A common pattern that I've used to overcome these is to use "related
entities". I use these related entities to store properties that I
want to search on -- separate from the entities that I want to
retrieve in order to display the results back to the user.
I was pleased to see App Engine developer Brett Slatkin officially
encouraging the use of this pattern in his I/O talk:
* http://code.google.com/events/io/sessions/BuildingScalableComplexApps.html
He calls them "relation index entities" and explains it better than I
can, so here be a slightly adapted excerpt from pages 23-25 of his
presentation PDF:
----------------
Problem: Scalably "delivering" a Twitter-esque post/message
Solution: Split the message into 2 entities:
* Message model contains the info we care about
* MessageIndex has only relationships for querying
>>> class Message(db.Model):
... sender = db.StringProperty()
... body = db.TextProperty()
>>> class MessageIndex(db.Model):
... receivers = db.StringListProperty()
When writing, put entities in the same entity group for transactions:
* That is, make the Message entity be the parent for the MessageIndex entity
* You can of course have multiple MessageIndex entities per Message to
scale up...
And for queries:
* Do a key-only query to fetch the MessageIndexes
* Transform returned keys to retrieve parent entity
* Fetch Message entities in batch
>>> indexes = db.GqlQuery(
... "SELECT __key__ FROM MessageIndex "
... "WHERE receivers = :1", me)
>>> keys = [k.parent() for k in indexes]
>>> messages = db.get(keys)
----------------
Now, if you start using this pattern heavily, you'll realise that it
should be extremely trivial for the App Engine devs to turn the 3
stepped process of:
* Do a key-only query to fetch the MessageIndexes
* Transform returned keys to retrieve parent entity
* Fetch Message entities in batch
Into just a single step:
* Do a query on MessageIndexes which will actually return the related
Messages entities
That is, the query would be done on the MessageIndexes entities, but
instead of returning those entities, the related Message entities
would be returned.
Saving both us and App Engine an additional Datastore request and key
computation!! Given the 30 seconds limit, this also means that you
could then do twice the amount of querying in the same time! So it
helps even more!
So how would this work?
Well, let's say that we had the following Message:
>>> msg = Message(send='tav', body='Hello World')
>>> msg_key = msg.key()
And the following related MessageIndex entities:
>>> rcv1 = MessageIndex(parent=msg_key, receivers=['alice', 'bob'], __index__=msg_key)

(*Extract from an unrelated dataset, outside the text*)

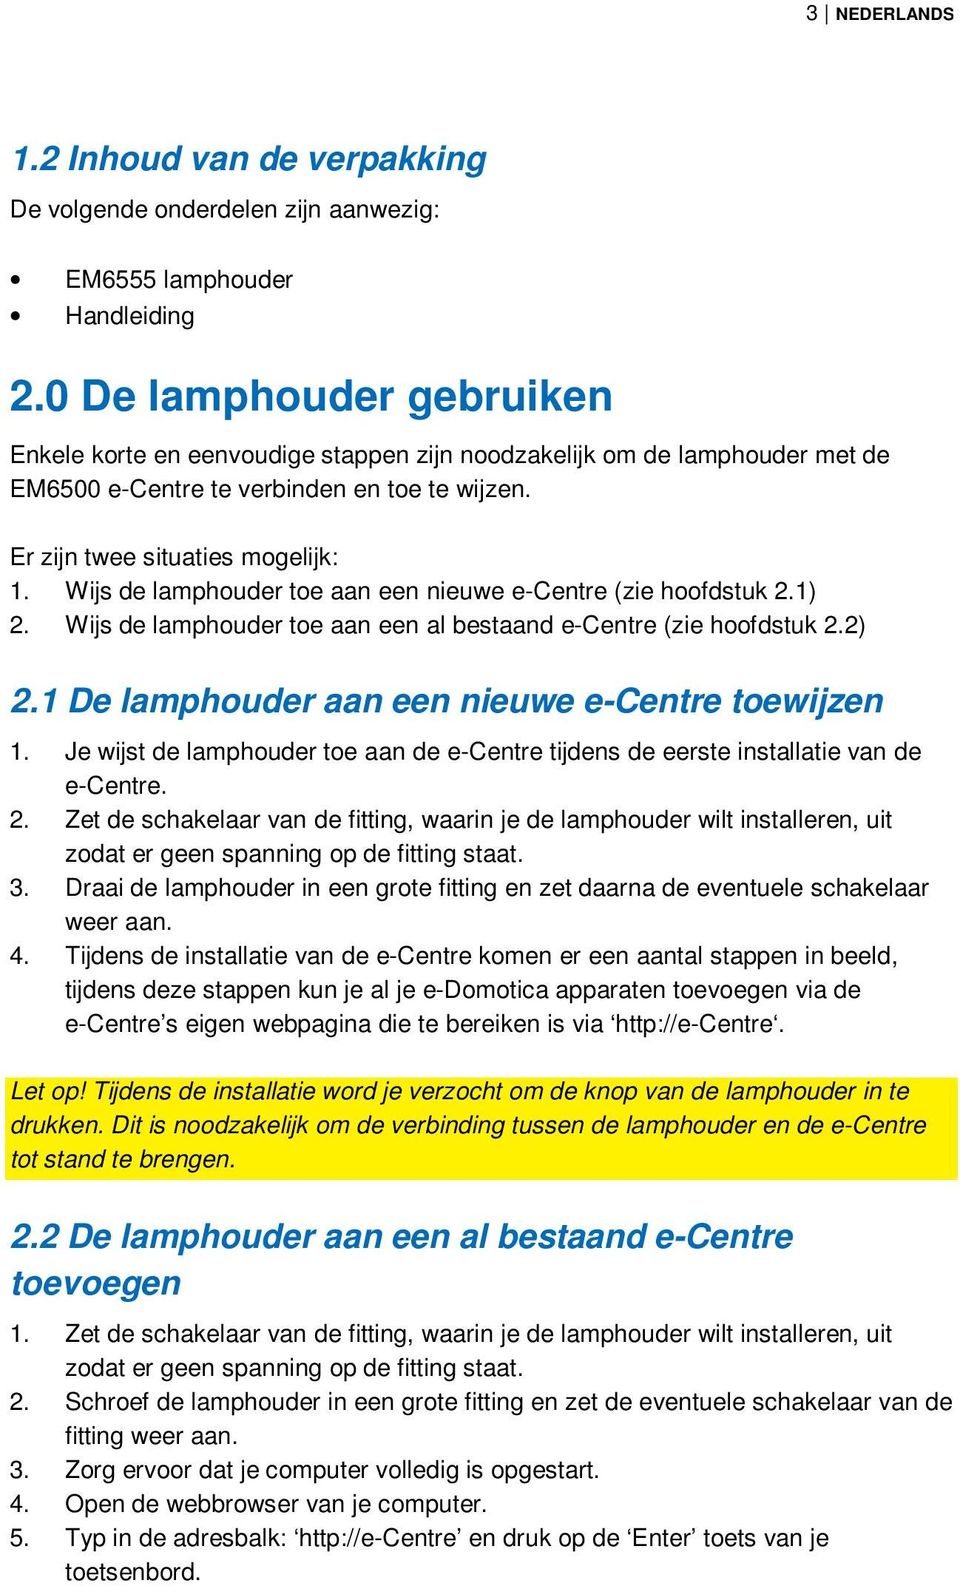 Wijs de lamphouder toe aan een nieuwe e-centre (zie hoofdstuk 2.1) 2. Wijs de lamphouder toe aan een al bestaand e-centre (zie hoofdstuk 2.2) 2.1 De lamphouder aan een nieuwe e-centre toewijzen 1.

>>> rcv2 = MessageIndex(parent=msg_key, receivers=['ryan'], __index__=msg_key)
The presence of the newly proposed __index__ property would alter the
behaviour of how the Datastore indexes the rcv1/rcv2 entities. Instead
of doing the current:
rcv1:receivers:alice <rcv1_key>
rcv1:receivers:bob <rcv1_key>
rcv2:receivers:ryan <rcv2_key>
It would look like:
rcv1:receivers:alice <msg_key>
rcv1:receivers:bob <msg_key>
rcv2:receivers:ryan <msg_key>
[Note for those not familiar with the App Engine Datastore -- the App
Engine guys don't store the full entity in all of the index tables,
instead the <entity_key> is stored and used to load up the complete
entity with all of its properties in order to respond to the completed
query once the relevant entities have been identified.]
That is, with __index__, the Datastore would sort of behave as if it
was actually indexing additional properties of the Message entity!! So
when a query comes in, it can do a query as if for a MessageIndex, but
then return the Message entity pointed to by the key!!
Now, sadly, I fear I've explained all this quite poorly, but I do
believe that it's a brilliantly simple/powerful idea.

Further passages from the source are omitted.